Elsewhere, oil prices managed to extend gains after a US industry group reported a surprise drop in stockpiles, while OPEC-led output cuts and US sanctions on Iran and Venezuela kept a supply glut in check.

North America

US stocks ended slightly lower on Wednesday as a drop in healthcare shares overshadowed a string of positive corporate earnings and upbeat economic data from the US and China.

All three major US stock indexes ended the session in negative territory, with the S&P 500 remaining just within a percent below its record high reached in September.

The healthcare sector saw its biggest percentage drop in four months, falling 2.9 per cent on regulatory worries.

UnitedHealth Group Inc, Pfizer Inc, Merck & Co Inc and Abbott Laboratories all closed down between 1.9 per cent and 4.7 per cent, and were among the biggest drags on the broader S&P 500.

The sector’s drop dampened generally encouraging earnings reports.

Morgan Stanley rose 2.6 per cent after beating analyst estimates due to cost-cutting and growth in its wealth management segment.

United Continental Holdings jumped 4.7 per cent following Tuesday’s after-market earnings report, where the airline bested consensus estimates and held its 2019 profit target firm, even as Boeing Co’s 737 MAX jets remain grounded.

Robust business jet demand drove Textron’s earnings beat, driving its stock up 4.0 per cent.
PepsiCo reported better-than-expected first-quarter sales on strong North American demand. The packaged food company’s shares rose 3.8 per cent.

With reporting season in high gear, analysts now expect Jan-March S&P 500 profits to have dropped 1.8 per cent year-on-year, according to Refinitiv data, which would mark the first earnings decline since 2016.

Of the 54 S&P 500 companies that have posted thus far, 79.6 per cent have beaten consensus, compared with the 65 per cent average beat rate going back to 1994.

The Dow Jones Industrial Average fell 3.12 points, or 0.01 per cent, to 26,449.54, the S&P 500 lost 6.61 points, or 0.23 per cent, to 2,900.45 and the Nasdaq Composite dropped 4.15 points, or 0.05 per cent, to 7,996.08.

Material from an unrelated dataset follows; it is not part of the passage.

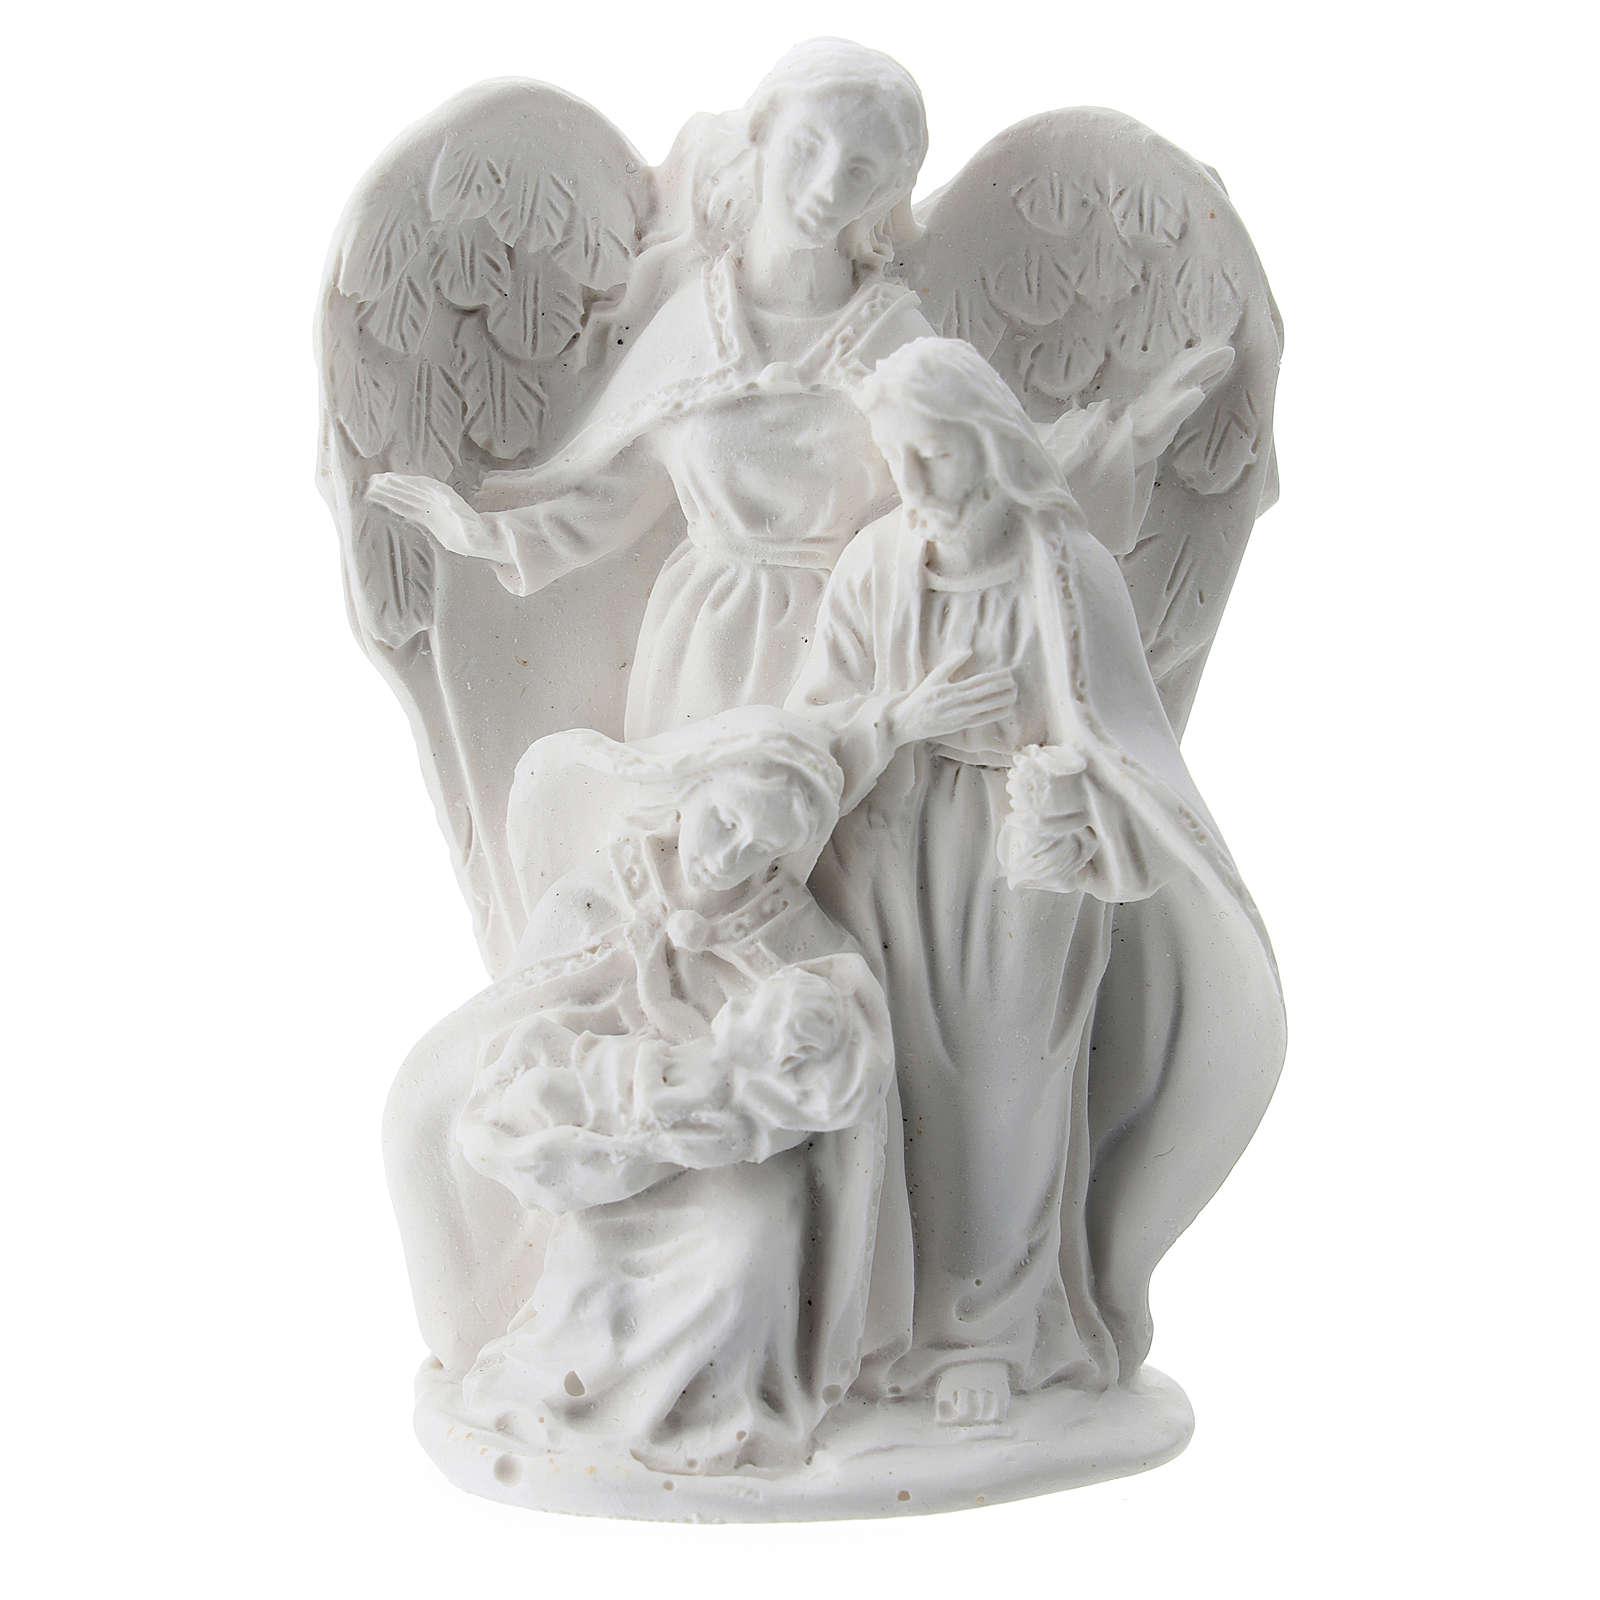 Sagrada Familia resina con Ángel 5 cm 3
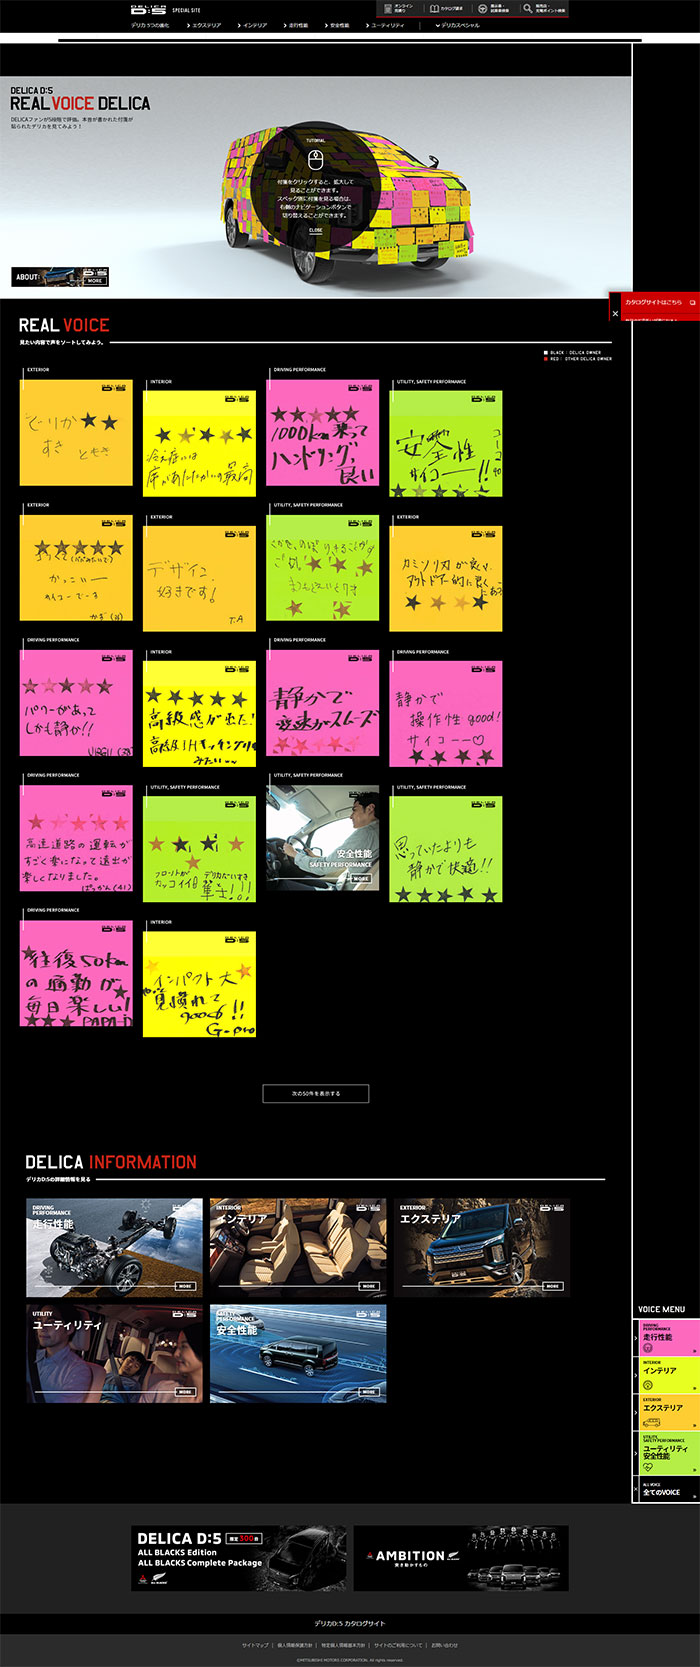 REAL VOICE DELICA | デリカD:5 | MITSUBISHI MOTORS JAPAN

Of the 11 major sectors in the S&P 500, six ended the session in the black.

Qualcomm surged 12.2 per cent after the chipmaker settled its long-running legal battle with Apple Inc. Apple shares climbed 1.9 per cent.

The news boosted other chipmakers, with the Philadelphia SE Semiconductor index advancing 1.6 per cent.

On the economic front, the US trade deficit dropped to an eight-month low in February due to a 20.2 per cent plunge in imports from China.

China, meanwhile, saw its first-quarter GDP grow at a better-than-expected 6.4 per cent annual rate.